++++ INPUT DATA

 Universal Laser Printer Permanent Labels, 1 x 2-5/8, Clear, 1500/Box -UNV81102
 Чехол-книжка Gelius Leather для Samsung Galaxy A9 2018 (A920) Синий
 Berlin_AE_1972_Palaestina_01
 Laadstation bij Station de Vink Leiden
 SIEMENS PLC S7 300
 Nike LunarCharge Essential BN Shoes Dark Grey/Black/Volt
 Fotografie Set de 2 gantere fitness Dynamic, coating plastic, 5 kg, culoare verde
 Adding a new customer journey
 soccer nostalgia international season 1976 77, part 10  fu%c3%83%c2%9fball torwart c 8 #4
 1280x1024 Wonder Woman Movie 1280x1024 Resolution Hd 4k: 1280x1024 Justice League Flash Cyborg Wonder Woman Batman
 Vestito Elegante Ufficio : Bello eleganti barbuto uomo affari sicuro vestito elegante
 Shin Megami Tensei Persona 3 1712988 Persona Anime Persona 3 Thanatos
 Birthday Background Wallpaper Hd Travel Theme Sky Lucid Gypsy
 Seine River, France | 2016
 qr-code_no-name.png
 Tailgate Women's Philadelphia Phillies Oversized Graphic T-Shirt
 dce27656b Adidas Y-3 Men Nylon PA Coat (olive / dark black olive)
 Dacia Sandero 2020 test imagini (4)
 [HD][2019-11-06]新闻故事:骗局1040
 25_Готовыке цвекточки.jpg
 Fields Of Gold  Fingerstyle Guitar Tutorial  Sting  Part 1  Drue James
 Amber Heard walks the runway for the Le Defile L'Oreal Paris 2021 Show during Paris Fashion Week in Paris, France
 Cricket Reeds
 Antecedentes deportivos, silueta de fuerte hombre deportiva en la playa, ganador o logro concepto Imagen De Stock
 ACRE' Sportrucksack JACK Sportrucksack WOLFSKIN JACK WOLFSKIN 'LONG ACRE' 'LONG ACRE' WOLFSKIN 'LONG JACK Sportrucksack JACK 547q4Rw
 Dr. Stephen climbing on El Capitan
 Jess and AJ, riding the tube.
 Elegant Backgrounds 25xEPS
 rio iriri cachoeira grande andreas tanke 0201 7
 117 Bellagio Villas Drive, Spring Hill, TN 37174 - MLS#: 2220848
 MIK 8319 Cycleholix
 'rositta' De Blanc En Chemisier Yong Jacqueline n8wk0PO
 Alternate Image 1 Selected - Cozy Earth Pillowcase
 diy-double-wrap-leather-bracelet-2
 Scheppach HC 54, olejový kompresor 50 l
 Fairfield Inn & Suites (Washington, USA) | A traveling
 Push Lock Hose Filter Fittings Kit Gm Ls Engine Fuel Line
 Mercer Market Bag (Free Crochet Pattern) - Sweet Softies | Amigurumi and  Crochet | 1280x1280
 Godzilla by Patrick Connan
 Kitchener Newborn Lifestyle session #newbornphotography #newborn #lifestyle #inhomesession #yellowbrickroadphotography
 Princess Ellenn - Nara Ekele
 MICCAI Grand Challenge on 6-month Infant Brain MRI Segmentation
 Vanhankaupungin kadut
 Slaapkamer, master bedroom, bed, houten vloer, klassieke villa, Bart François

++++++++

WORK ORDER: What is needed here is an exact copy of all the entries.

EXERCISE ANSWER:
 Universal Laser Printer Permanent Labels, 1 x 2-5/8, Clear, 1500/Box -UNV81102
 Чехол-книжка Gelius Leather для Samsung Galaxy A9 2018 (A920) Синий
 Berlin_AE_1972_Palaestina_01
 Laadstation bij Station de Vink Leiden
 SIEMENS PLC S7 300
 Nike LunarCharge Essential BN Shoes Dark Grey/Black/Volt
 Fotografie Set de 2 gantere fitness Dynamic, coating plastic, 5 kg, culoare verde
 Adding a new customer journey
 soccer nostalgia international season 1976 77, part 10  fu%c3%83%c2%9fball torwart c 8 #4
 1280x1024 Wonder Woman Movie 1280x1024 Resolution Hd 4k: 1280x1024 Justice League Flash Cyborg Wonder Woman Batman
 Vestito Elegante Ufficio : Bello eleganti barbuto uomo affari sicuro vestito elegante
 Shin Megami Tensei Persona 3 1712988 Persona Anime Persona 3 Thanatos
 Birthday Background Wallpaper Hd Travel Theme Sky Lucid Gypsy
 Seine River, France | 2016
 qr-code_no-name.png
 Tailgate Women's Philadelphia Phillies Oversized Graphic T-Shirt
 dce27656b Adidas Y-3 Men Nylon PA Coat (olive / dark black olive)
 Dacia Sandero 2020 test imagini (4)
 [HD][2019-11-06]新闻故事:骗局1040
 25_Готовыке цвекточки.jpg
 Fields Of Gold  Fingerstyle Guitar Tutorial  Sting  Part 1  Drue James
 Amber Heard walks the runway for the Le Defile L'Oreal Paris 2021 Show during Paris Fashion Week in Paris, France
 Cricket Reeds
 Antecedentes deportivos, silueta de fuerte hombre deportiva en la playa, ganador o logro concepto Imagen De Stock
 ACRE' Sportrucksack JACK Sportrucksack WOLFSKIN JACK WOLFSKIN 'LONG ACRE' 'LONG ACRE' WOLFSKIN 'LONG JACK Sportrucksack JACK 547q4Rw
 Dr. Stephen climbing on El Capitan
 Jess and AJ, riding the tube.
 Elegant Backgrounds 25xEPS
 rio iriri cachoeira grande andreas tanke 0201 7
 117 Bellagio Villas Drive, Spring Hill, TN 37174 - MLS#: 2220848
 MIK 8319 Cycleholix
 'rositta' De Blanc En Chemisier Yong Jacqueline n8wk0PO
 Alternate Image 1 Selected - Cozy Earth Pillowcase
 diy-double-wrap-leather-bracelet-2
 Scheppach HC 54, olejový kompresor 50 l
 Fairfield Inn & Suites (Washington, USA) | A traveling
 Push Lock Hose Filter Fittings Kit Gm Ls Engine Fuel Line
 Mercer Market Bag (Free Crochet Pattern) - Sweet Softies | Amigurumi and  Crochet | 1280x1280
 Godzilla by Patrick Connan
 Kitchener Newborn Lifestyle session #newbornphotography #newborn #lifestyle #inhomesession #yellowbrickroadphotography
 Princess Ellenn - Nara Ekele
 MICCAI Grand Challenge on 6-month Infant Brain MRI Segmentation
 Vanhankaupungin kadut
 Slaapkamer, master bedroom, bed, houten vloer, klassieke villa, Bart François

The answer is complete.